Title: Tied Up Between the Lines
Author: Amalin
Your name is Sirius Black.
You are thirty-six years old. You have lines in your face that you don't remember having fifteen years ago, eyes that shouldn't look like someone else's but do, and a godson that looks too much like your best friend.
You have a Wanted Poster hanging in the Ministry and an entire section of Aurors memorizing your life so they can better understand you, better predict where next you will hide. You wonder if they know you like your toast burnt with marmalade, about the last time you cried over an argument with your shrieking mother, about the time you watched James undress in the Quidditch locker room. You wonder if they know you better than you know yourself. You wonder sometimes, because when you rise to greet yourself in the mirror, a stranger stands before you with wrinkles you don't have and dark circles you never get and shadows of ribs that never show on you because Remus always said you had the appetite of a dog, didn't he?
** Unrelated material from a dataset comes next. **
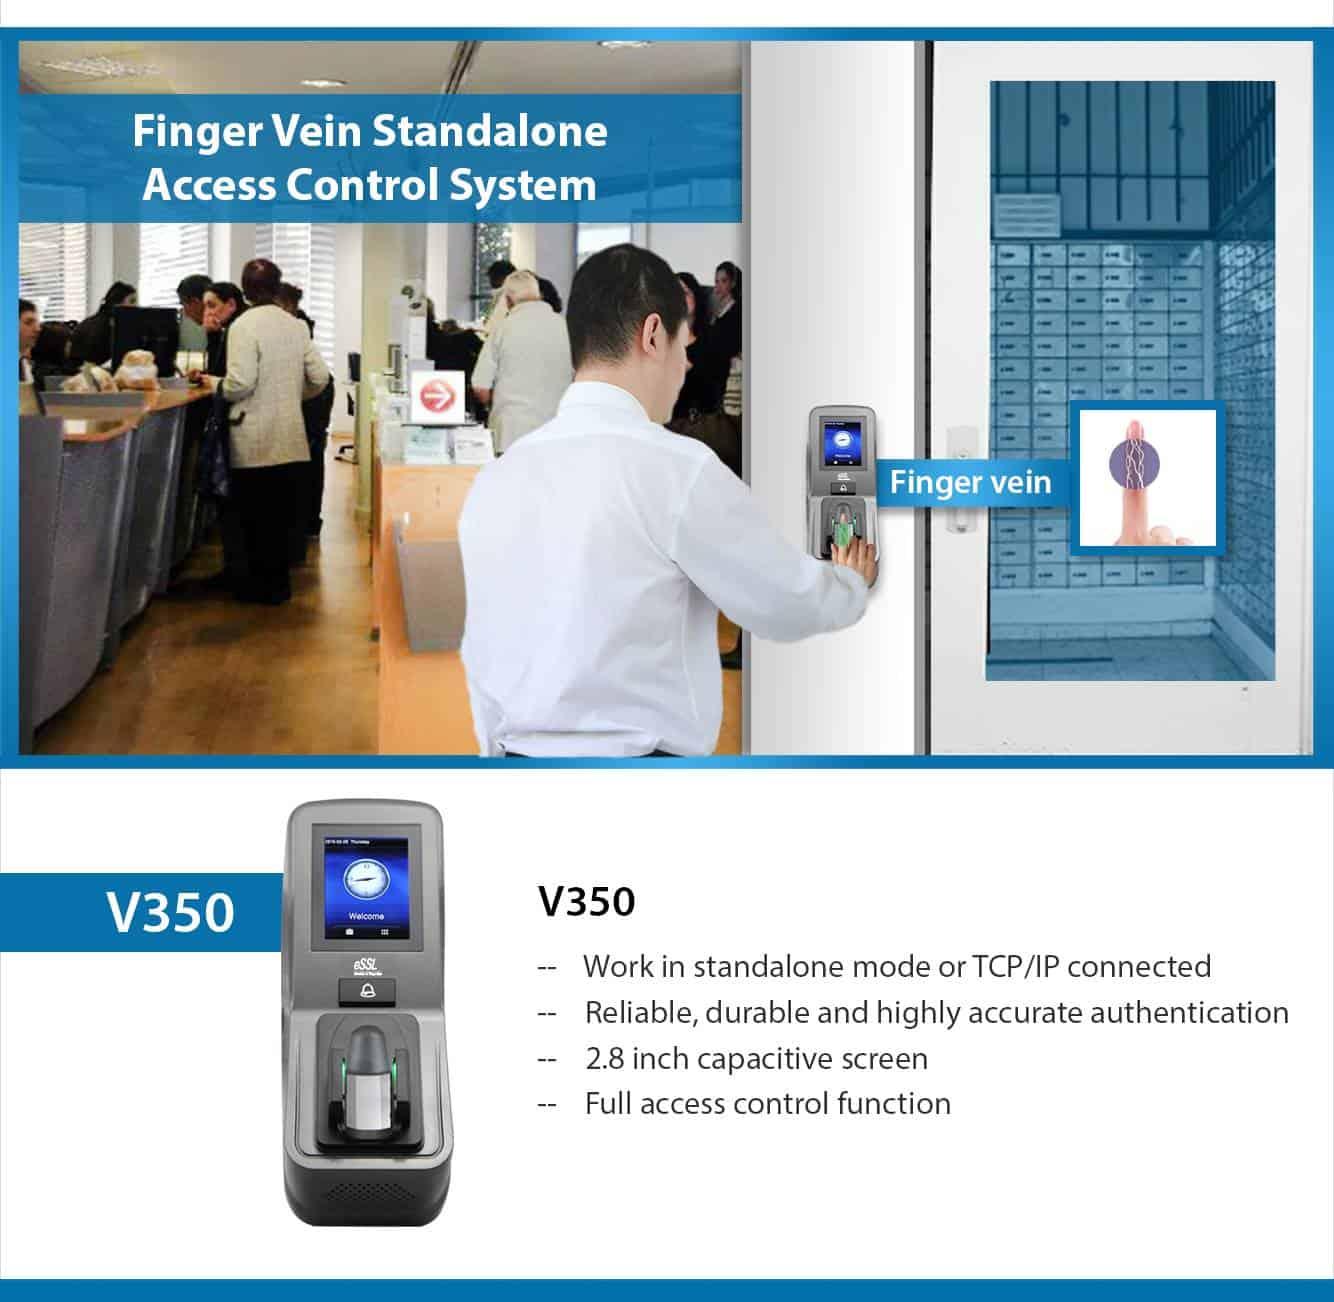 Finger Vein Access control system eSSL FV350

It's only when you look at Harry in the fire and see James' face that you feel like yourself.
And then, withdrawing, disoriented, into your own dark room in number twelve, Grimmauld Place, you are surprised to find yourself in the body of a thirty-six-year-old that feels as weary as Dumbledore's. You are surprised that your tongue sighs the word "Harry," not "James," and tangles with the taste of ash from the Gryffindor common room.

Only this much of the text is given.